We at CEI recognized and learned from his observation: Many economists see market failure and collusion in arrangements that they do not understand and, since there is much that they do not understand, they tend to see collusion everywhere! The confused state of antitrust regulatory policy today illustrates that Coase’s work has yet to gain the appreciation it deserves—witness the Justice Department’s blocking of the proposed American Airlines/US Airways merger.

Coase also was one of the most accessible, unassuming economists, in a profession not known for humility. His critique of Arthur Pigou’s work provides an interesting example. Pigou, writing in the first half of the 20th century, recognized that political control of the economy had been problematic, but only in years past, when bureaucrats lacked the knowledge to run a modern economy. But fortunately, Pigou argued, the world had changed. The new “science” of economics and public affairs had helped create a new class of civil servants—well trained, motivated to serve the public good and immune from political influence. All this, Pigou believed, would allow us to replace the archaic laissez-faire free market capitalism of the past with the carefully centrally planned economy of the future. Coase skeptically noted that Pigou saw this utopian vision best embodied in the Interstate Commerce Commission.

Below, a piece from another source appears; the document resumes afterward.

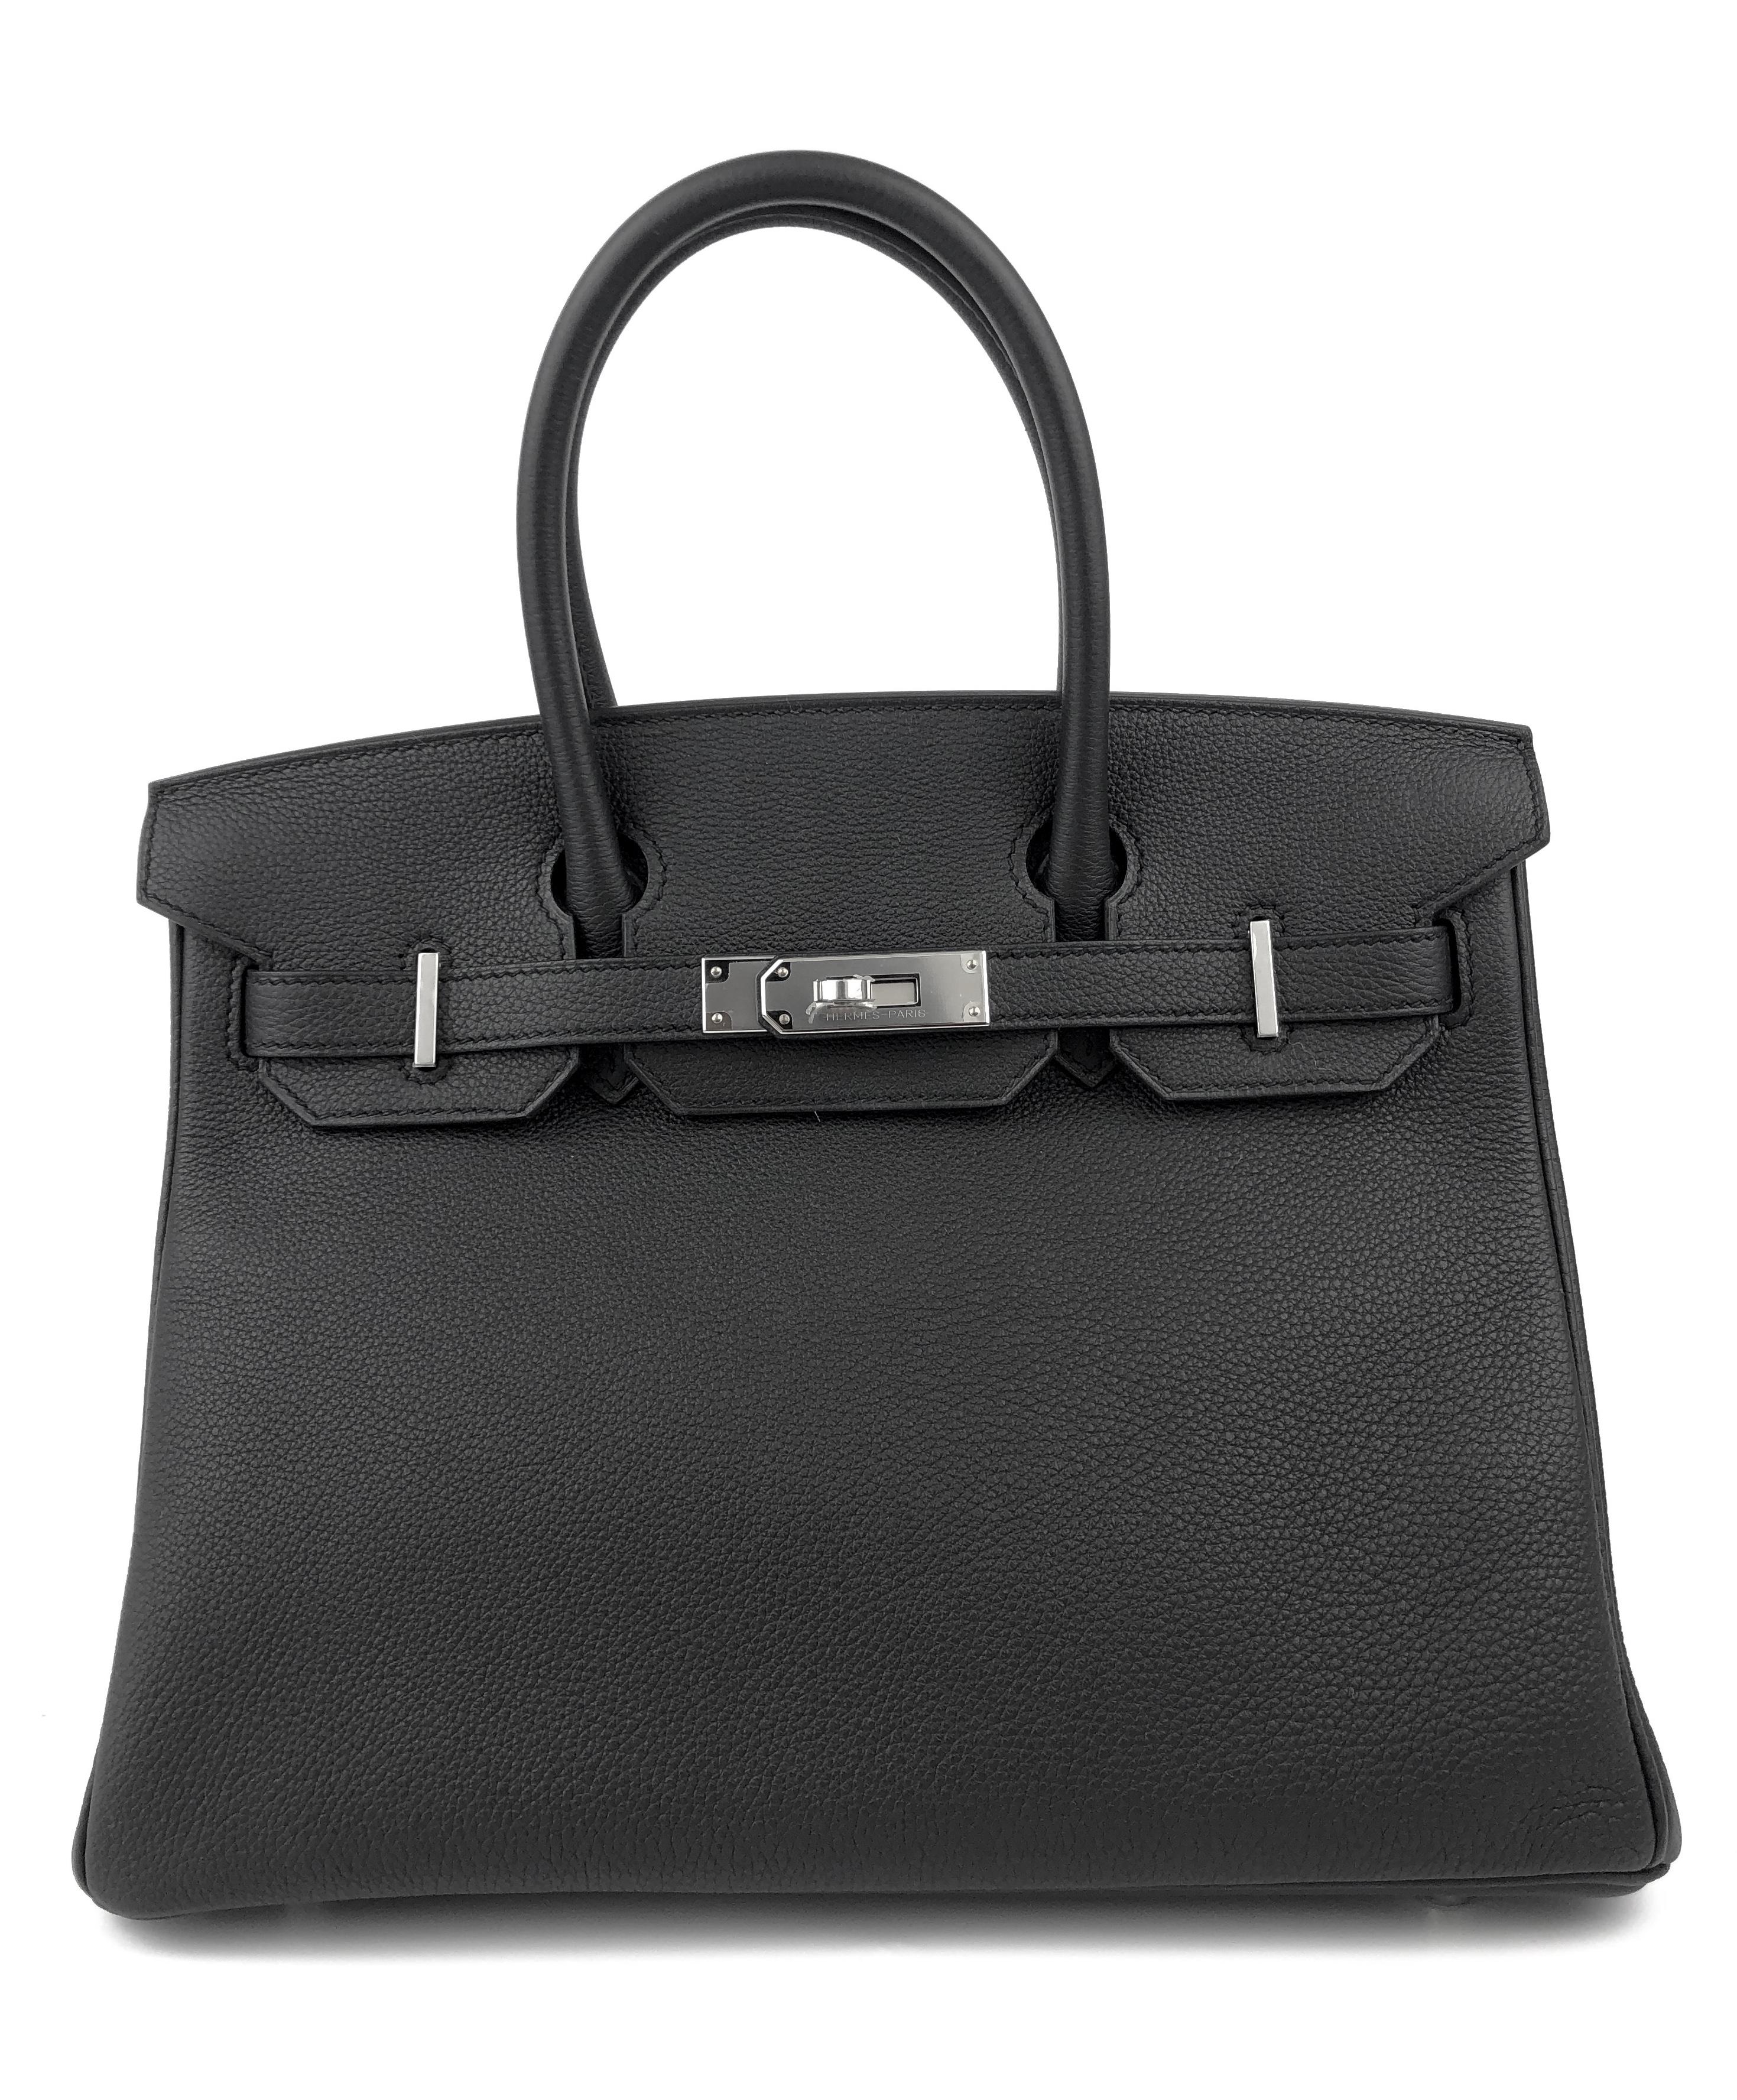 NEW 2020 Stunning Hermes Birkin 30 Black Noir Togo Palladium Hardware. Y Stamp 2020.

Shop with Confidence from Lux Addicts. Authenticity Guaranteed!

CEI also worked with Coase in regard to another of his creative breakthroughs—his analysis of the challenge that declining marginal costs place upon firms. For example, airlines trying to fill empty seats or pharmaceutical firms trying to sell more pills cannot simply charge the marginal cost for each additional item, as that would lead to bankruptcy. Contra some economists’ arguments for subsidies for such firms, Coase demonstrated that in the real world many firms adopt multi-part pricing and other creative alternatives that would be far more likely to advance consumer welfare.

CEI organized a conference on this topic and we traveled to Chicago to interview Coase about it. Vernon Smith, another Nobel Prize economist, was our keynote speaker. Coase, then 93, graciously consented to an interview which we presented at the conference. The video is available here.

Coase was a rarity—a free market theorist deeply grounded in empirical research who sought to better understand the creative strategies employed by real firms in the real world. His work has influenced the work of CEI scholars and of many of our allies. We seek to free entrepreneurial capitalism from the rigidities of state control. Free markets are competitive despite the confusion of too many economists. Our challenge to enlighten the public policy debate of that reality was aided greatly by Ronald Coase—a great man, a brilliant economist and a person worthy of study and emulation.

Fred Smith founded the Competitive Enterprise Institute and now serves as director of its Center for Advancing Capitalism.